第84話ブローノ大渓谷②

 グレモリーの提案で、前衛は俺とグレモリー、後衛ニーナの布陣で更に奥深くへと進む。

 幸い松明の明かりが無くとも、鈍く発光する鉱石や苔類が、岩壁を僅かばかり照らしてくれている。

 目が慣れてしまえば、後は半径五十メートル以内の気配が分かる【探知】との併せ技で、敵を事前に察知できるだろう。

 当初グレモリーは、ニーナの戦力不足を懸念した。確かにリザードマンは、まともに戦うとすればニーナより遥かに格上だ。

 それでも、彼女の暗殺者アサシンとしての卓越した【隠密】スキルは背後にいる事すら認知出来ないほどで、それを見たグレモリーは恐れ入ったと舌を巻いた。

 それもその筈、ニーナはグレモリーが警戒するジョンテ城に忍び込み、俺の部屋まで辿り着いているのだ。

 なかなか出来る事ではない。

 そして今回のアタックも、俺達三人は【隠密】と【透明化】で複数潜むリザードマンの警戒を掻い潜り、奥地まで侵入していた。

 そう、わざわざ戦う必要はないのだ。

 しかし、ここは良く似た小部屋や通路が多く、入り組んだ迷路の様な構造で、暗さも相まって完全に迷子になっていた。


 ——どうなっている?お前の言っていた悪魔とやらはどこなんだ?


 リザードマンがうようよする暗い小部屋の片隅で、俺は溜まりに溜まったストレスに押し潰されそうになり、グレモリーに不満を吐露する。


 ——奴らは隠れるのが上手いのよ。
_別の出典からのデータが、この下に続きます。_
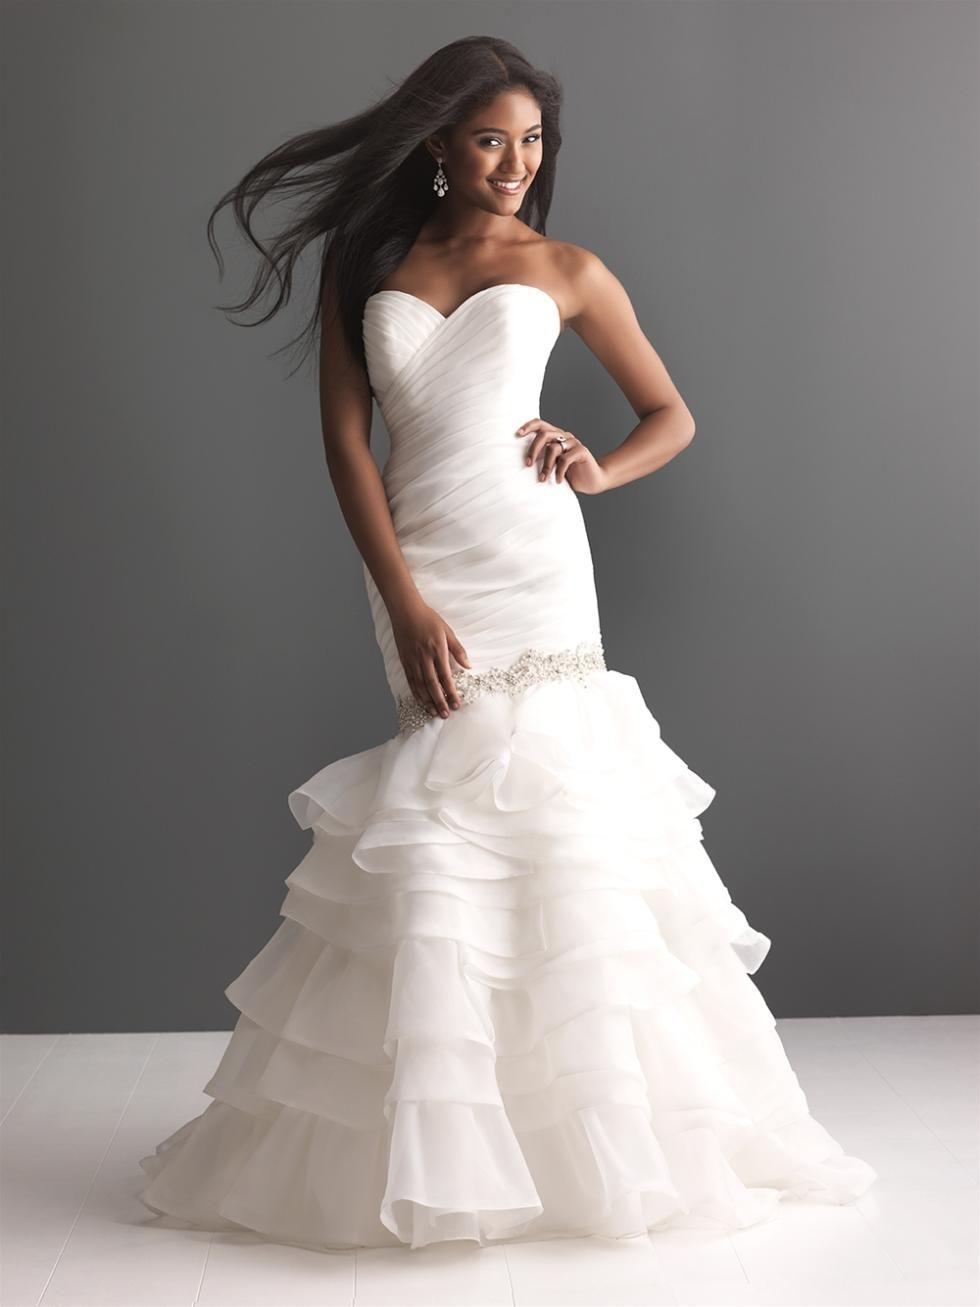 big puffy wedding dresses Puffy wedding dresses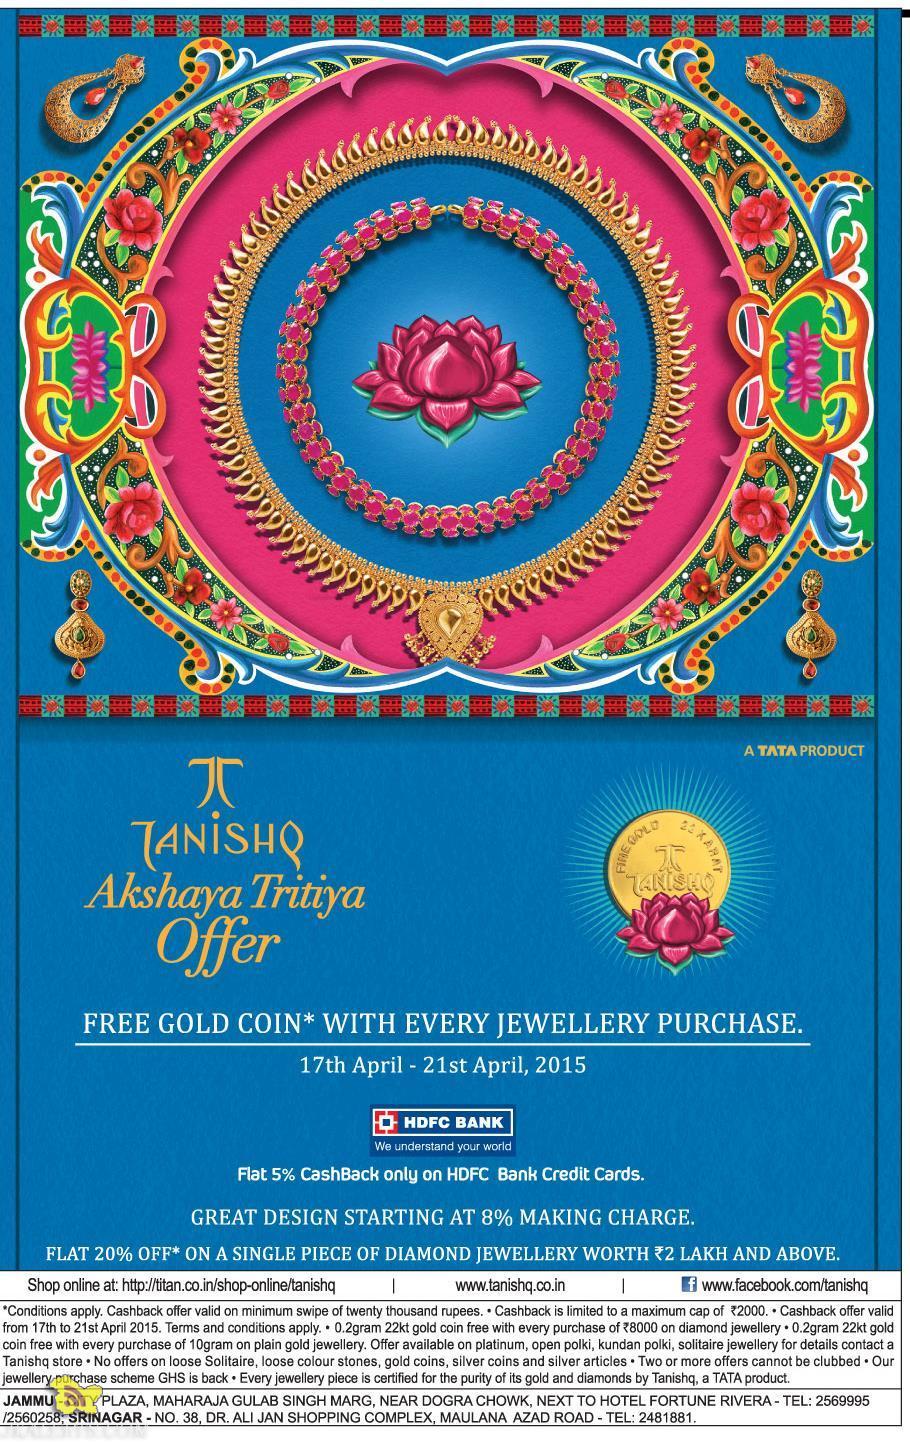 Tanishq Akshaya Tritiya offer on Gold and Diamond Jewellery

でも、僅かながら人間の残り香は残ってる。

 落ち着いて通路を探すしかないんじゃない?

 ここで見つかったら、今までやり過ごしてきたリザードマンが一斉に襲い掛かってくるわ。


 それは困る。

 リザードマンの生死について悩むくらいなら殺さなきゃいいと決めたからには、このまま見つからないようにしたい。

【探知】しても人間と思われる気配は感じない。

 この岩壁に【探知】を妨害する鉱石か魔石があるのか?あるいはここ一帯に術式が施されているのか?

 ともかく誰にもバレないように何かしらの細工をしているのは確実だ。

 攫ってきた人間を連れ、リザードマンがいるこの洞穴を通り、何処か秘密の場所へと抜けているのだが。


(水の音がする)


 ニーナが俺の耳元で囁く。

 近くにいるリザードマンがその微かな声にピクリと反応し、俺の方へ瞬時に首を向けた。

 明らかに怪しんでいる。

 こちらにゆっくりと近づいてきて、俺の目の前までやってきた。

 顔がとても近い。鼻息が直に当たる。とても臭い。リザードマンの目が細くなっていく。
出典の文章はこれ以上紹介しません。